**MATERIAL PROVIDED**

#####

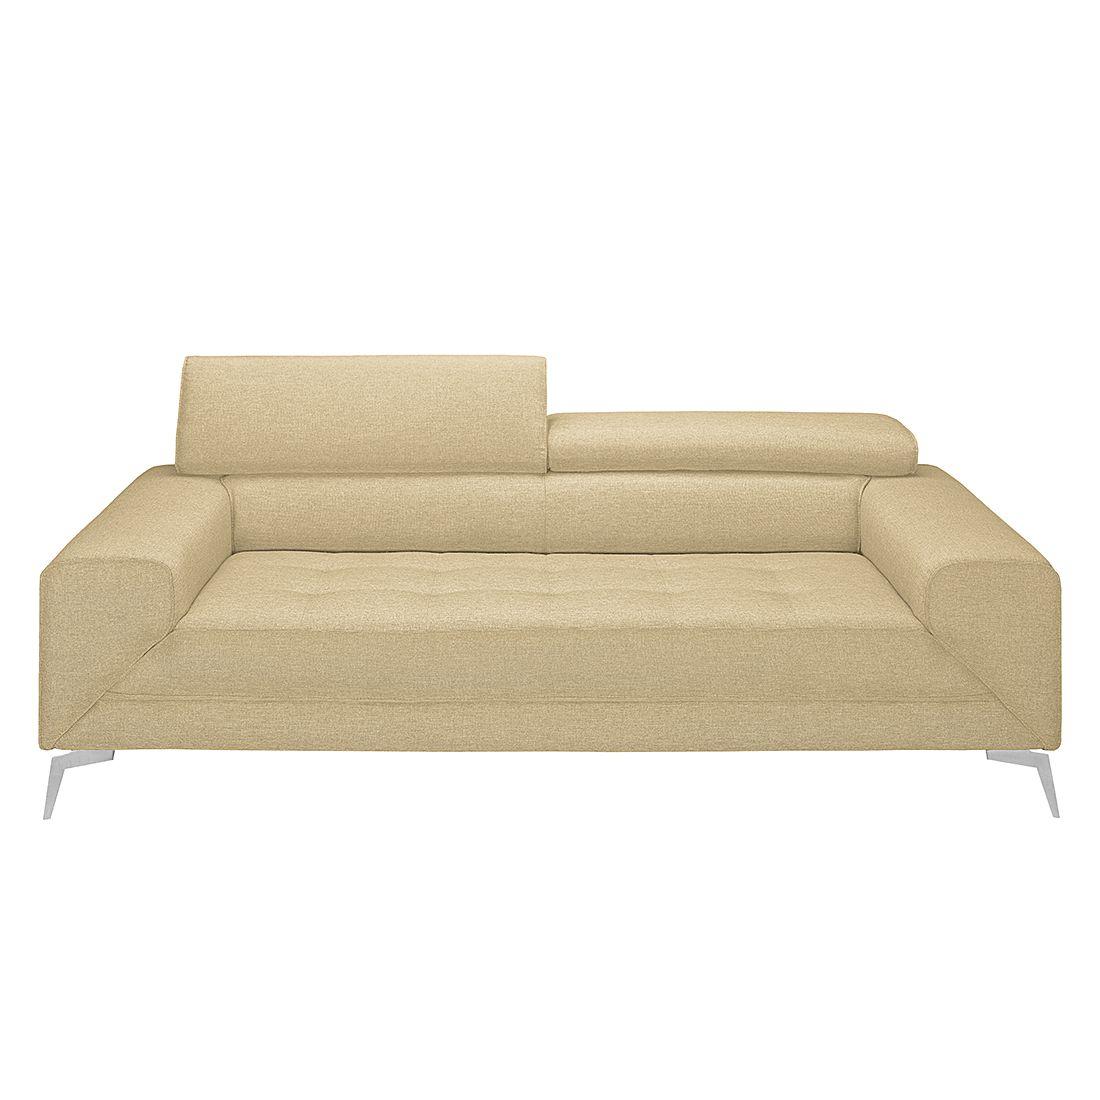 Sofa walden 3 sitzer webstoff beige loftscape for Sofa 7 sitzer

#####

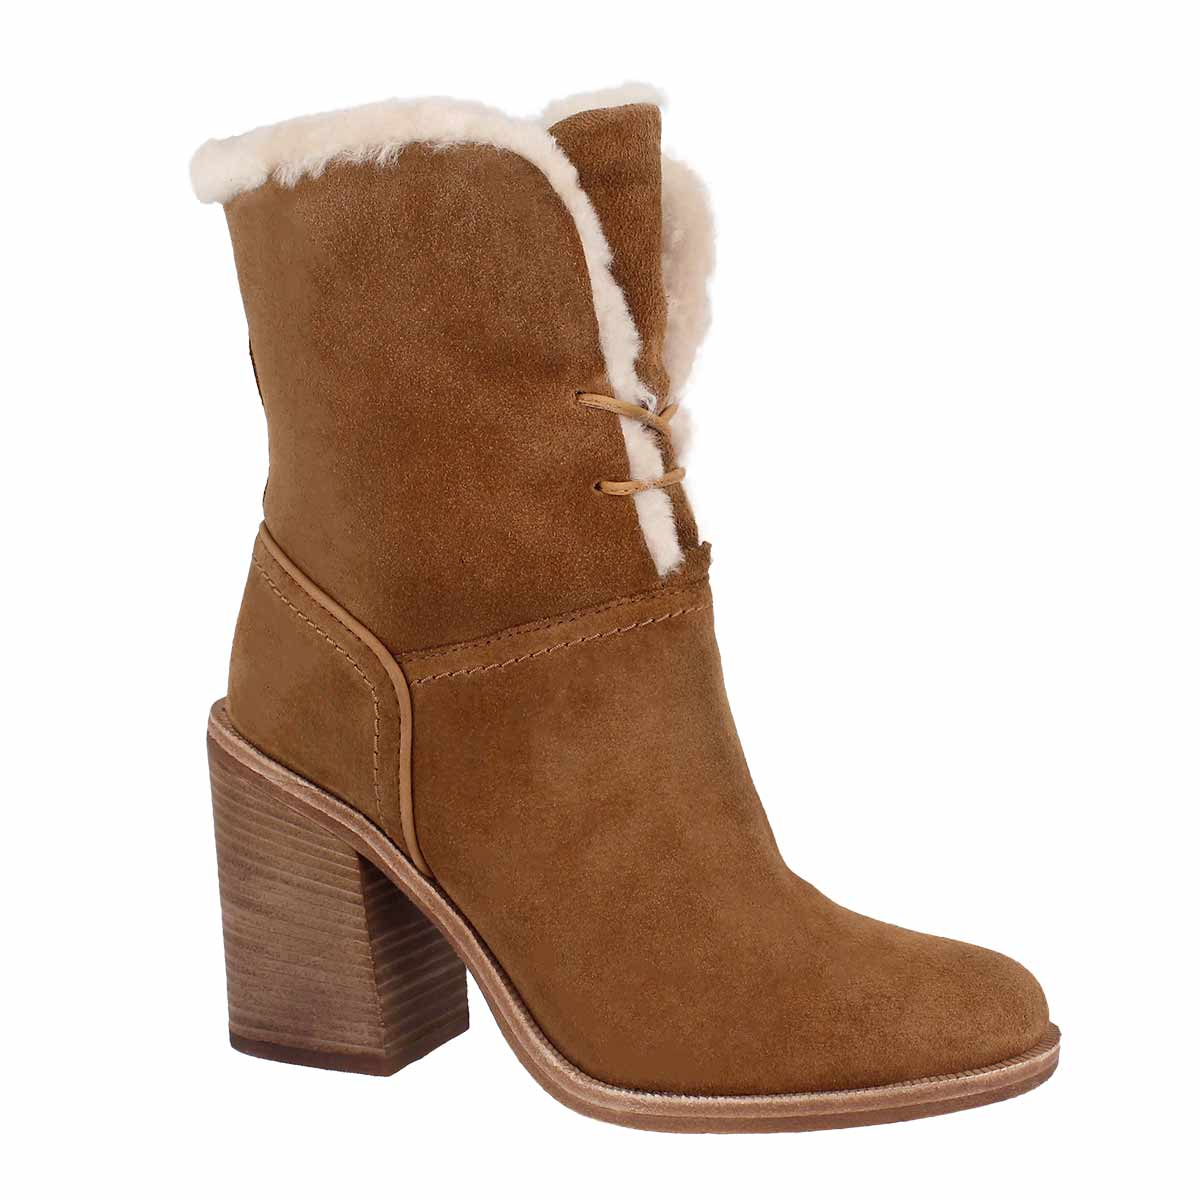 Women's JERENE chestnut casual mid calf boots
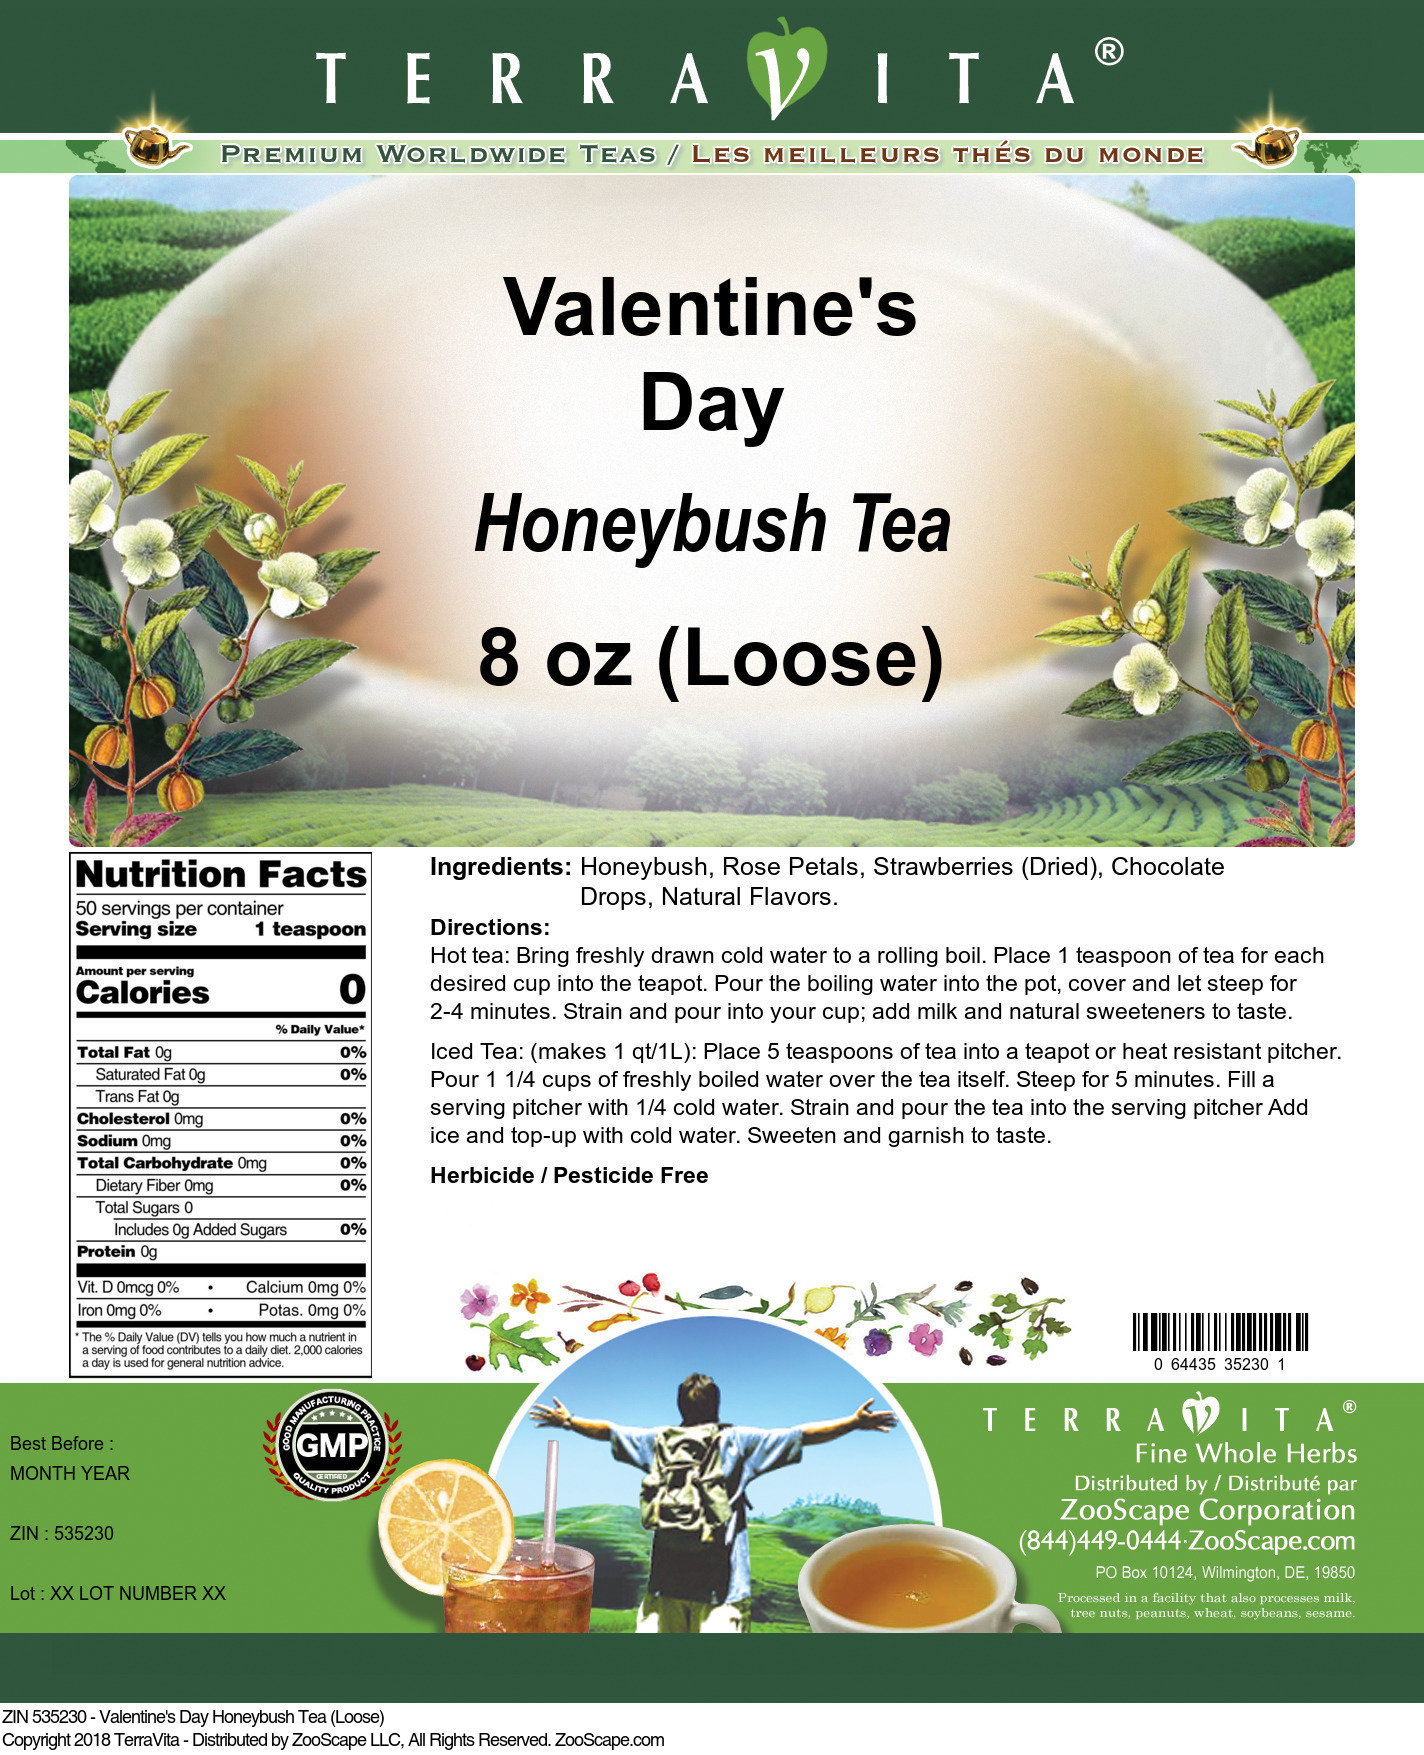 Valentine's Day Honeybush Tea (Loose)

#####

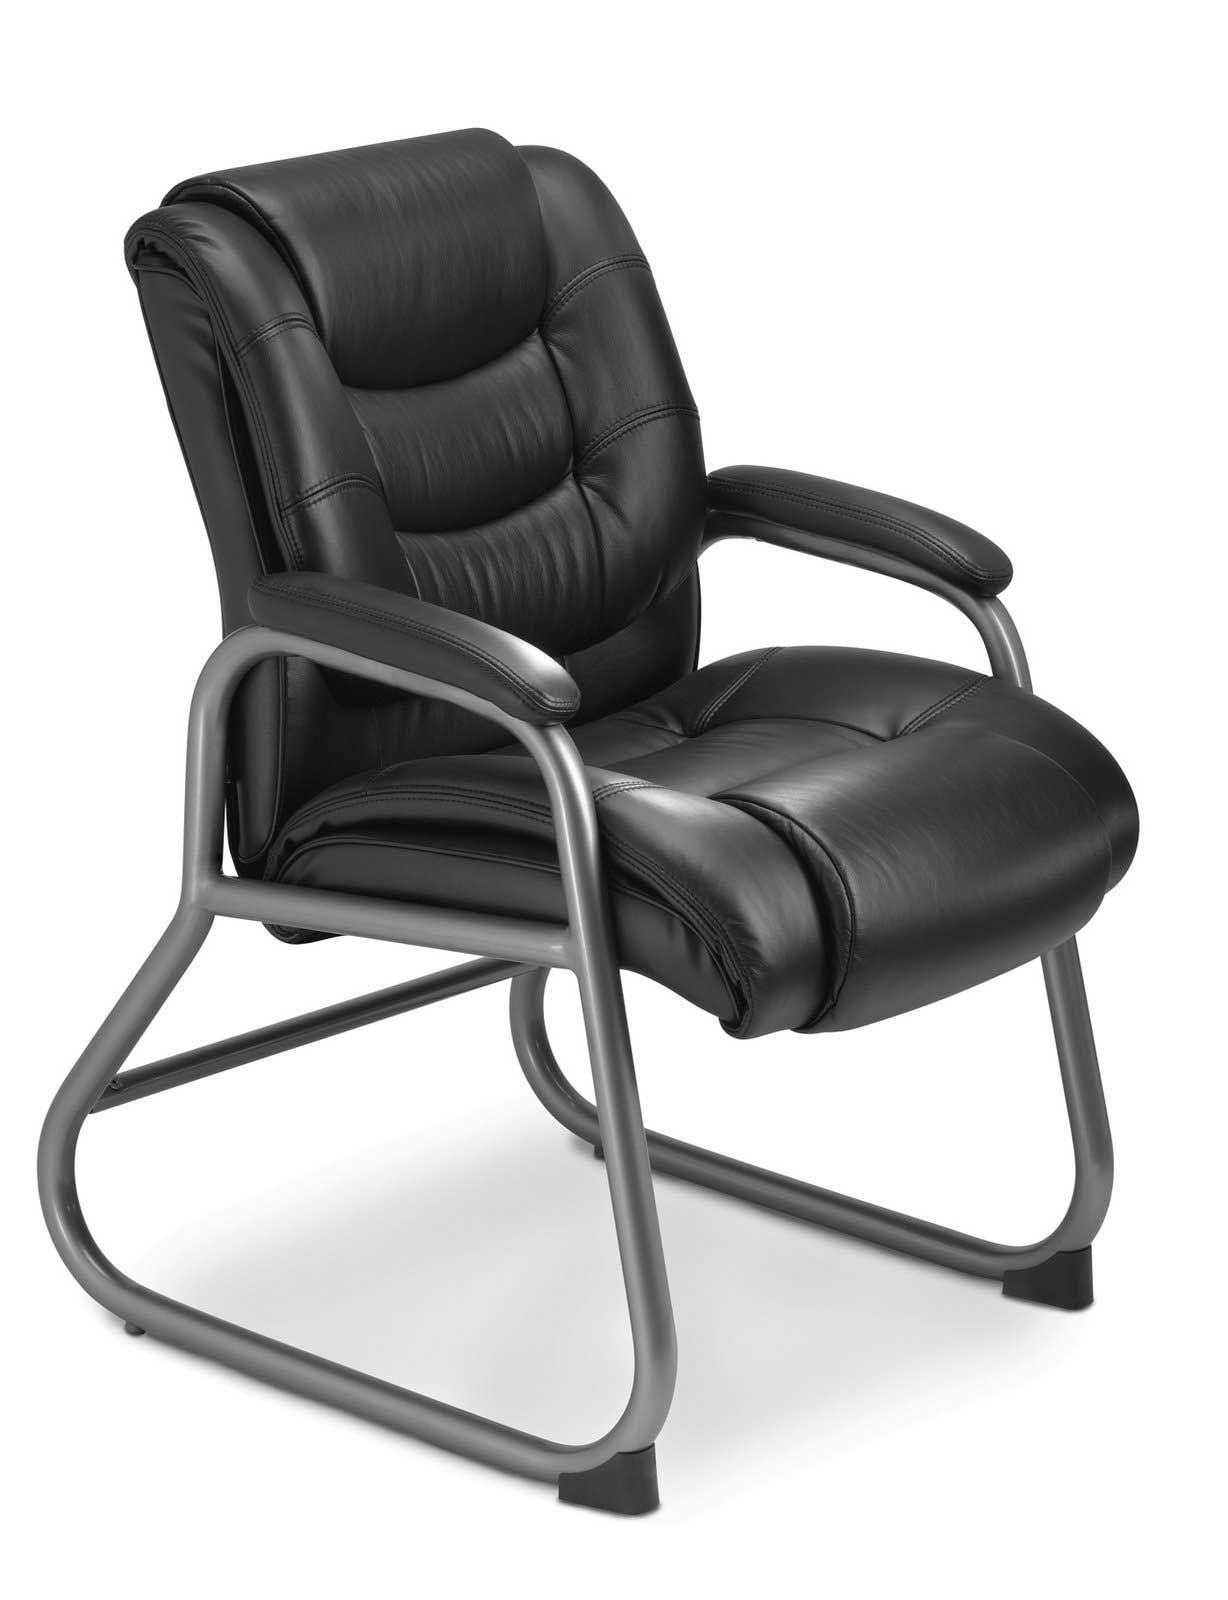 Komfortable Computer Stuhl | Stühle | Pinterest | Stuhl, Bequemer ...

#####

**PROBLEM DESCRIPTION**
Leaving pictures out, output the lines of the data above from the one with "Women's JERENE chestnut" through the one with "Valentine's Day Honeybush Tea (Loose)", word for word.

**SOLUTION TO THE PROBLEM**
 Women's JERENE chestnut casual mid calf boots
 Valentine's Day Honeybush Tea (Loose)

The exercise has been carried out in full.